Janvier 2018, impossible de passer à côté du scandale du garçon noir portant un pull avec l’inscription « Singe le plus cool de la jungle »
On peut se demander comment et qui a pu valider cette publicité ? Cela semble évident que « singes » est l’insulte ultime que tous les racistes utilisent pour qualifier les noirs, H&M savait pertinemment que cela allait créer une mauvaise polémique.
J’écris ce billet non pas pour crier au scandale, mais prendre du recul et essayer de saisir ces phénomènes.
Dans le même genre, fin 2014, la communauté noire s’insurgea contre le spectacle Exhibit B de Brett Bailey. Le concept de ce spectacle était reproduire un zoo humain à l’image des zoos humain du 20eme siècle dans lesquels les noirs étaient exposés en cage et les blancs venaient les voir. Notons qu’à cette époque, l’homme noir est assimilé à des singes et jugé inférieur à l’homme blanc.
Fin 2014 toute la classe politique et le milieu culturel parisien trouva que la communauté noire sur réagissait. Ils dépensèrent de l’énergie pour expliquer le but et le vrai message du spectacle : dénoncer le racisme en mettant mal à l’aise le spectateur.
Pour ma part, je dois avouer que le simple fait qu’en 2014 l’on puisse remettre des noirs en cages et payer pour aller les voir a provoqué une grande colère en moi. Comme si l’histoire des noirs et leur souffrance ne compte pas. Jusqu’ à présent je ne peux pas comprendre aussi comment cela peut contribuer à dénoncer le racisme.

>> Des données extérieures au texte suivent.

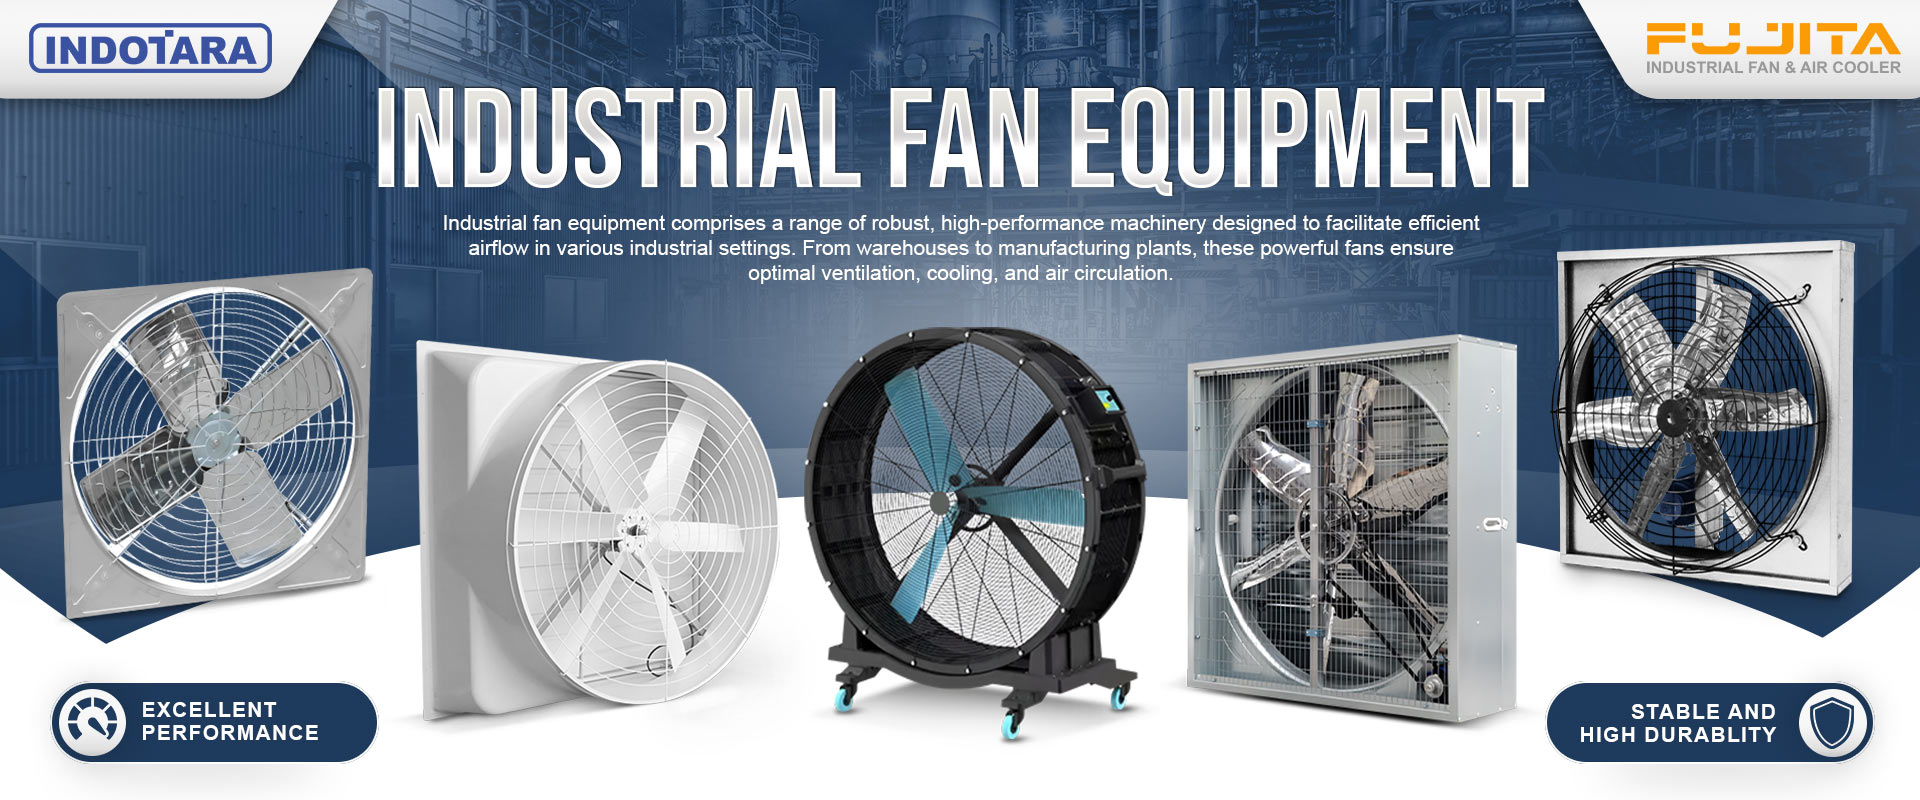 Jual Fujita Industrial Fan & Air Cooler Berkualitas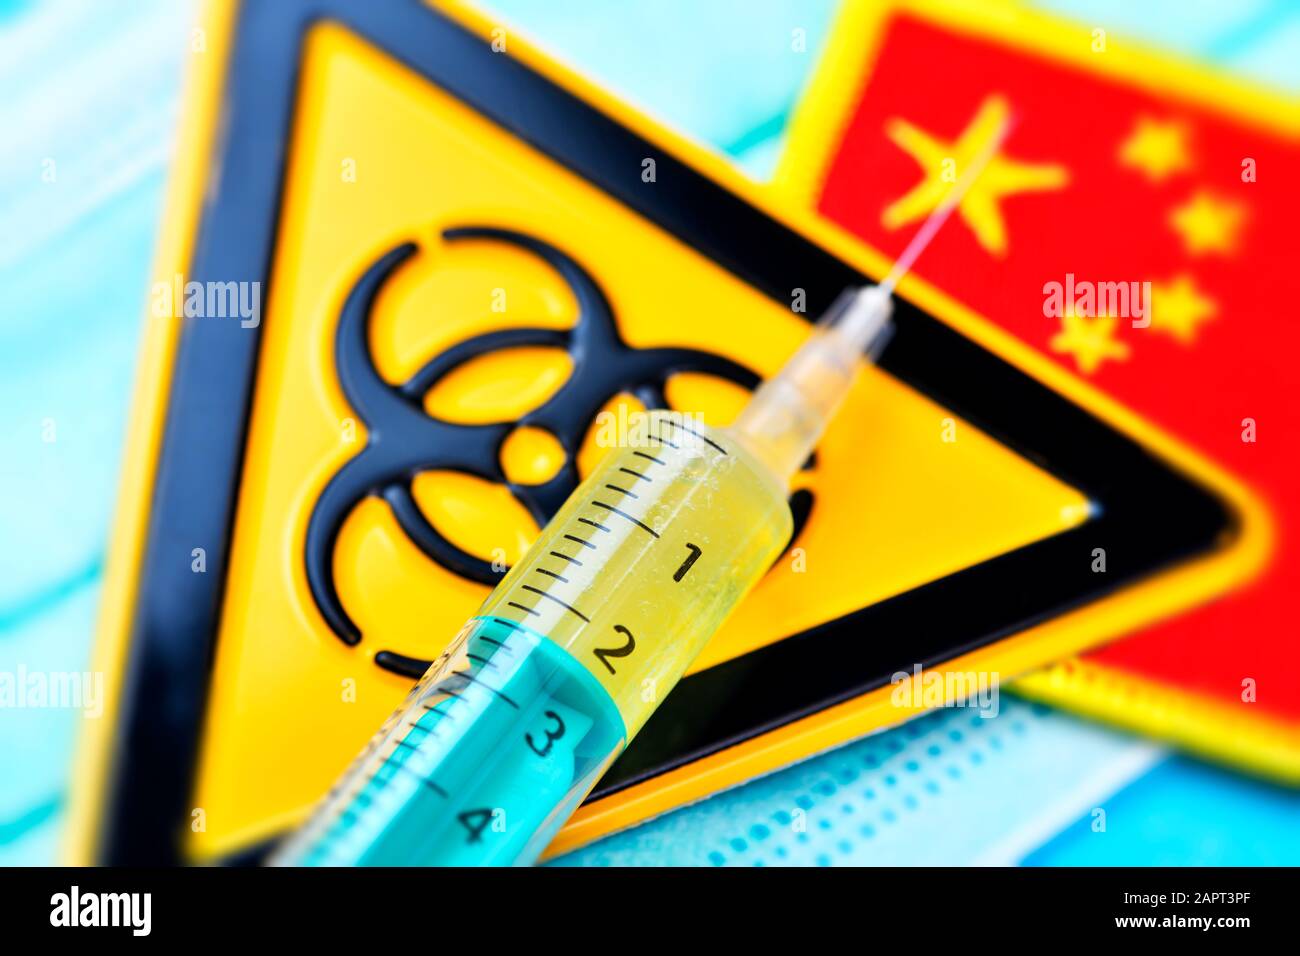 Biohazard sign and syringe on face mask and flag of China, coronavirus outbreak Stock Photo

Il y a eu aussi, en 2017 la publicité de Dove : dans une vidéo, on y aperçoit une femme noire qui devient blanche après une douche (tout est sous-entendu et dans l’interprétation). Là encore la communauté noire réagit fortement et Dove finira par présenter ses excuses.
L’histoire étant une éternelle répétition le milieu intellectuel parisien expliqua que DOVE a fait une erreur en s’excusant. En effet l’extrait de la vidéo ne faisant pas justice à la vidéo complète. Toute la vidéo montre effectivement une succession des femmes qui se transforment en d’autres femmes. Le message de la publicité étant que le gel douche Dove est fait pour toutes les femmes. Encore une fois les noirs n’ont pas compris le message.
Ce qui est dérangeant dans tous ces scandales, c’est cette position que certains peuvent prendre : faire de la pédagogie auprès des noirs pour qu’ils « comprennent » le vrai message.
Dans un monde où l’argent est maitre, où la concurrence est rude et où tout marche à la vitesse 2.0, il me semble que les marketeurs aient bien compris que la provocation paye. C’est sûr que tout le monde a entendu parle de ces publicités, d’ailleurs au passage, cela leur donne une exposition médiatique gratuite.
Taper sur la communauté noire (qui est peut être minoritaire dans leur clientèle) est un risque mesuré. Détrompons-nous dans leurs services marketing, ils doivent mesurer les risques avant de lancer une campagne publicitaire. Ils savent que le pouvoir public laissera faire et qu’ils ne risquent aucune sanction.
Le vrai message est là : dans un pays comme la France, les sujets comme l’esclavage, la colonisation, le racisme sont systématiquement minimisés. Pour reformuler l’impact de ces sujets sur les populations qui les ont subi ou qui les subissent est minimisé.
L’humour est supposée faire rire, si une personne fait une blague à une autre et que l’autre est blessé ou ne rit pas, on peut juste en déduire que soit c’est un humour déplacé ou une mauvaise blague. En aucun cas, on ne pourra argue que l’autre à un mauvais sens de l’humour.
Quant à la liberté de l’expression (supposée menacée dans l’histoire du zoo humain), on ne peut pas s’empêcher de faire le parallèle avec le peuple juif, personne ne pourra un jour s’aventure à faire un spectacle reproduisant les chambres à gaz dans un but artistique…. Mais reproduire les zoos humain est accepté au nom de l’art.
Pour finir, je pense que l’on doit nous laisser (nous les noirs) définir ce qui est juste, blessant ou bon pour nous. Accepter que nous sommes leurs semblables et renoncer à penser à notre place. Je reste convaincu que seul un noir sait ce qui peut ou ne pas le blesser.